Drs. Riddle and Gerstein (1) suggest renaming the hemoglobin glycation index (HGI) to reflect the possibility that interindividual variation in HGI in the ACCORD trial could be an artifact of how blood glucose was measured. HGI is the difference between an individual’s observed HbA1c and a predicted HbA1c derived by inserting a time-matched blood glucose measurement into a regression equation describing the linear population relationship between blood glucose and HbA1c. In our analysis of ACCORD (2), we used baseline HbA1c and fasting plasma glucose (FPG) to show that high HGI at baseline (i.e., HbA1c higher than predicted by FPG) was associated with worse outcomes. Riddle and Gerstein correctly note that FPG provides no information about person-to-person differences in glucose control during the day. One might thus conclude that high HGI calculated using FPG was associated with adverse outcomes in ACCORD because HbA1c reflects person-to-person differences in blood glucose dynamics that are missed by FPG.

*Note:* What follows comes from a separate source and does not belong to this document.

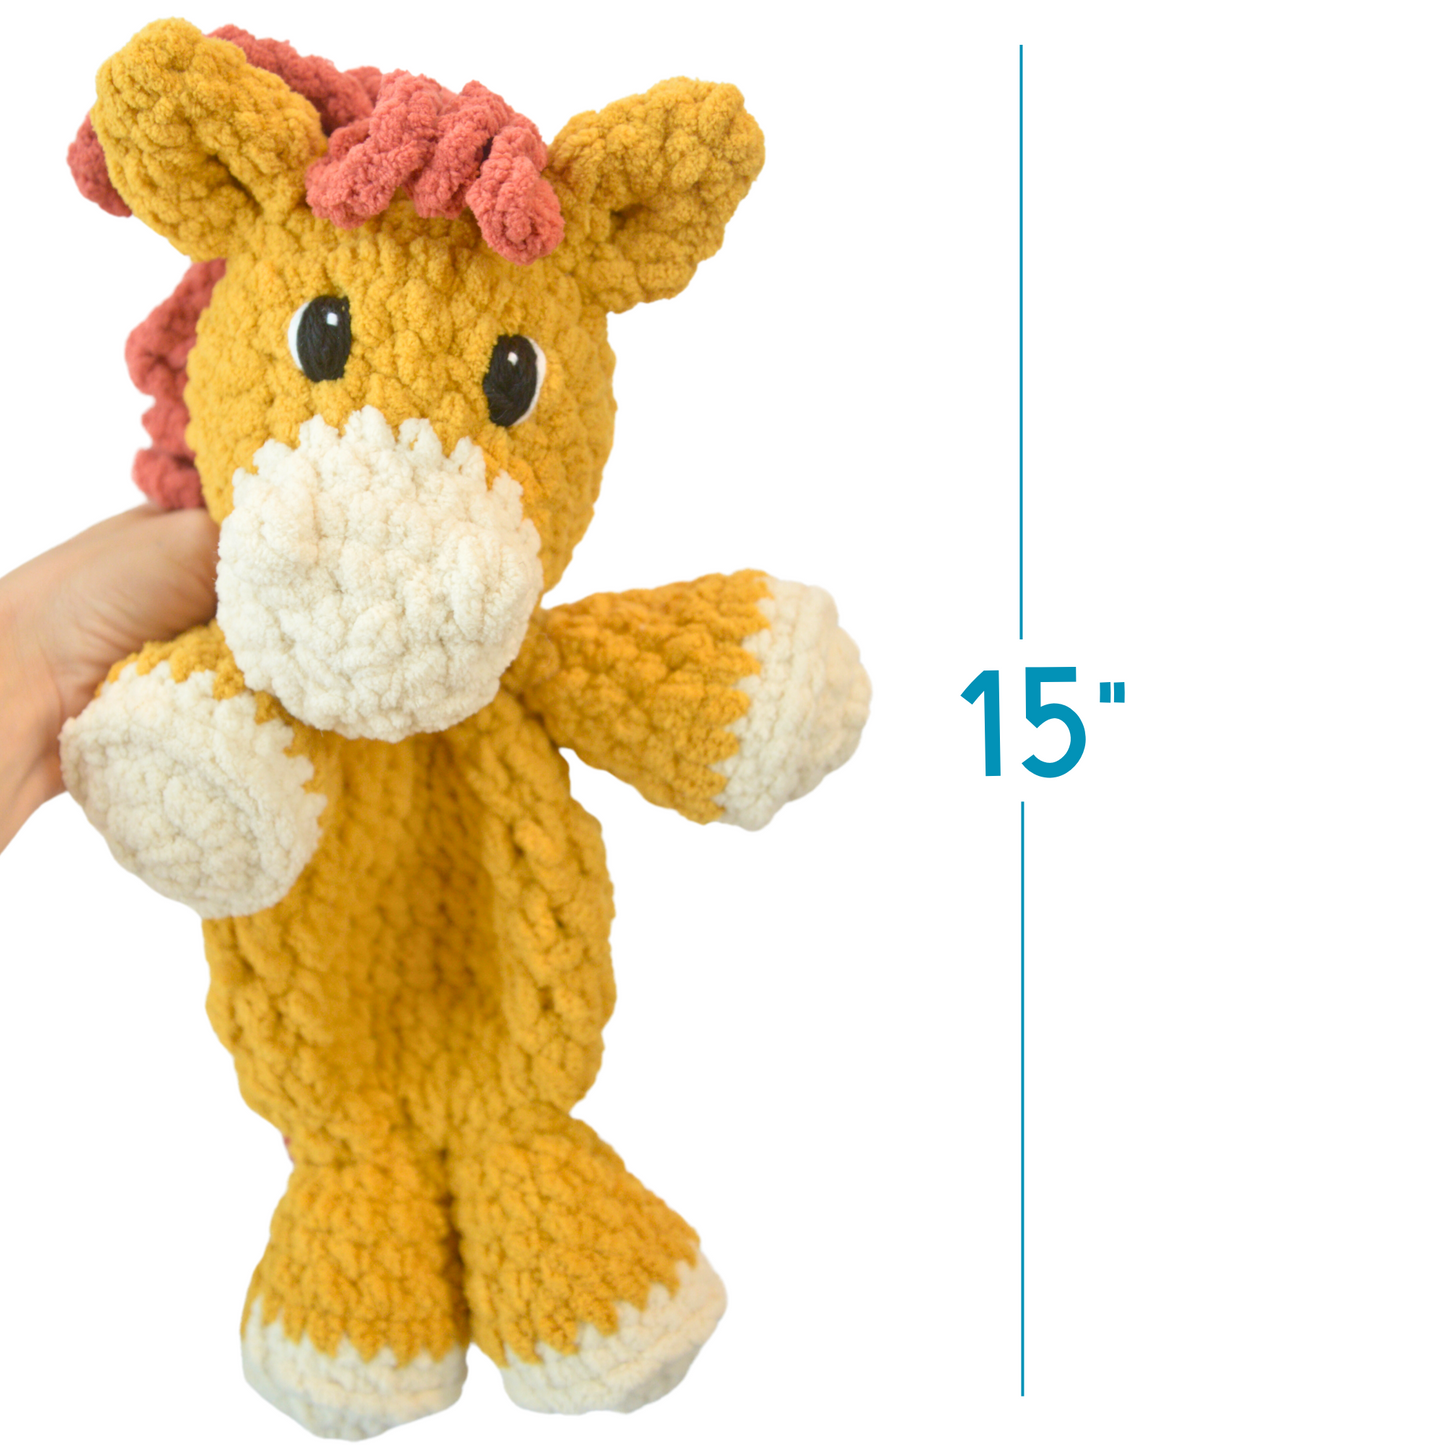 Crochet Horse Pattern Snuggler PDF Download

But this suggestion ignores prior studies showing that adverse outcomes are associated with high HGI when more comprehensive assessments of blood glucose dynamics are used to calculate HGI. For example, HGI based on mean blood glucose derived from seven-point profile measurements was positively associated with microvascular disease in the Diabetes Control and Complications Trial (DCCT) (3). The glycation gap (4), calculated the same way as HGI except that glycated serum protein replaces blood glucose in the regression equation, is positively associated with both HGI and adverse diabetes outcomes. Persistent person-to-person differences in HGI and the glycation gap have been observed in enough studies (5) that the question is not whether the phenomenon exists, but why.

Riddle and Gerstein’s concern highlights the need to determine if persistent person-to-person differences in HbA1c measured by HGI are of analytical or biological origin. Glycohemoglobin standardization programs make HbA1c an unlikely source of analytical bias, except perhaps as bias due to differences in erythrocyte turnover rates. Otherwise, HGI could only be an analytical artifact if the method used to estimate blood glucose concentration produced results that were persistently lower or higher than true blood glucose in some patients but not others. Although conceptually possible with FPG or patient meter data, this explanation seems unlikely in studies where blood glucose was estimated based on glycated serum protein or mean glucose from profile sets or continuous glucose monitoring.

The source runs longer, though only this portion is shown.